All experiments in this study were conducted on a laptop computer with Intel Core(TM) i5-6300HQ CPU @ 2.30GHz x 4, 16GB of DDR3 RAM, and NVIDIA GeForce GTX 960M 4GB DDR5 GPU. The hyper-parameters used for both the proposed and the conventional models were assigned by hand, and through hyper-parameter optimization/tuning.
Hyperparameters | GRU+SVM | GRU+Softmax |
---|---|---|
BATCH_SIZE | 256 | 256 |
CELL_SIZE | 256 | 256 |
DROPOUT_RATE | 0.85 | 0.8 |
EPOCHS | 5 | 5 |
LEARNING RATE | 1e-5 | 1e-6 |
SVM_C | 0.5 | n/a |
Variable | Training results | Testing results |
---|---|---|
False positive | 3017548 | 32255 |
False negative | 487175 | 582105 |
True positive | 5031465 | 731365 |
True negative | 955012 | 757315 |
Accuracy | 63.073973786244097% | 70.78705112598904% |
Variable | Training results | Testing results |
---|---|---|
False positive | 889327 | 192635 |
False negative | 862419 | 140535 |
True positive | 4656221 | 1172935 |
True negative | 3083233 | 596935 |
Accuracy | 81.54347184760621% | 84.15769552647596% |
The graph below summarizes the training accuracy of GRU-SVM and GRU-Softmax:
The proposed GRU-SVM model was able to finish its training in 16 minutes and 43 seconds. On the other hand, the conventional GRU-Softmax model was able to finish its training in 17 minutes and 11 seconds. Both trainings consist of 37,075 steps (1,898,240 * 5 mod 256).
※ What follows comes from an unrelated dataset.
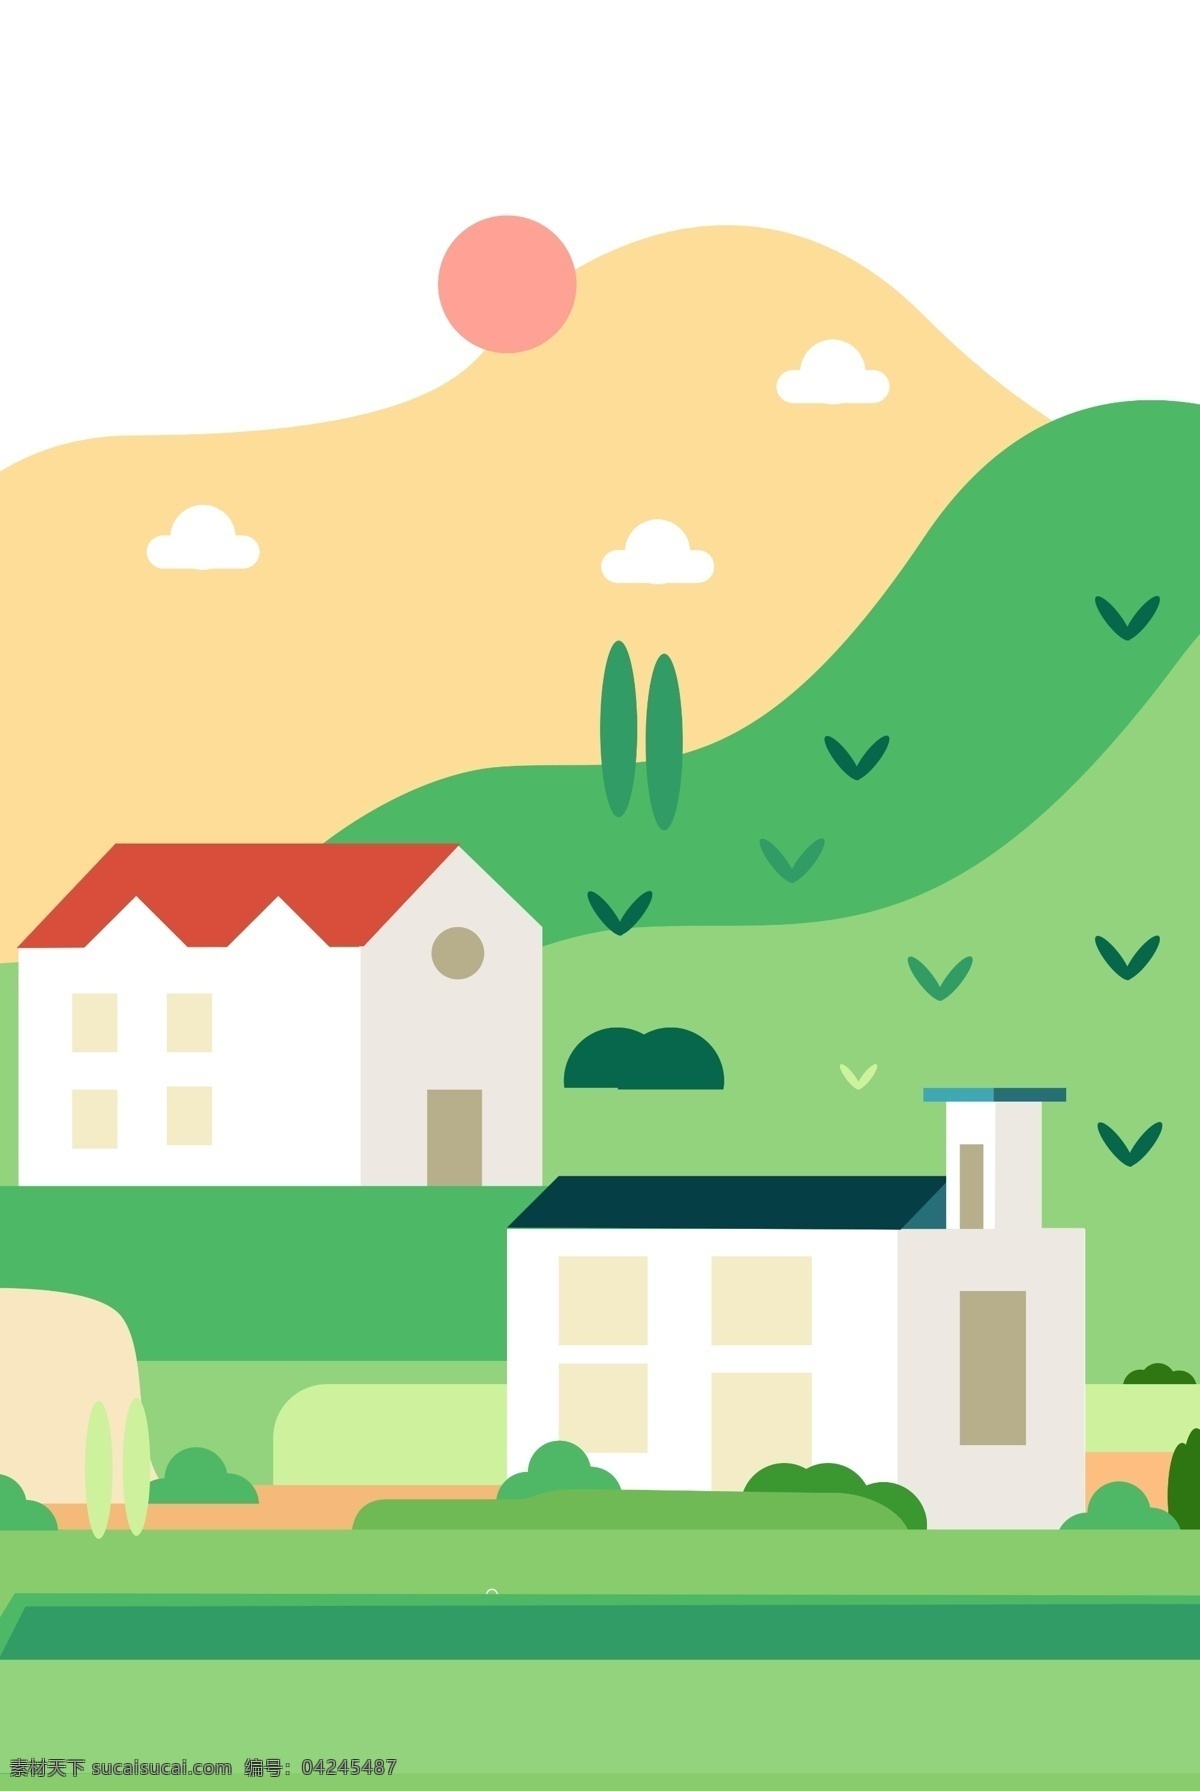 手绘 乡村 插画 海报 背景 生活 房子 房屋 建筑 山坡 草地 草坪 绿色 小草 太阳 白云 云朵

The graph below summarizes the testing accuracy of GRU-SVM and GRU-Softmax:
The proposed GRU-SVM model was able to finish its training in 1 minute and 22 seconds. On the other hand, the conventional GRU-Softmax model was able to finish its training in 1 minute and 40 seconds. Both testings consist of 8,215 steps (2103040 * 5 mod 256).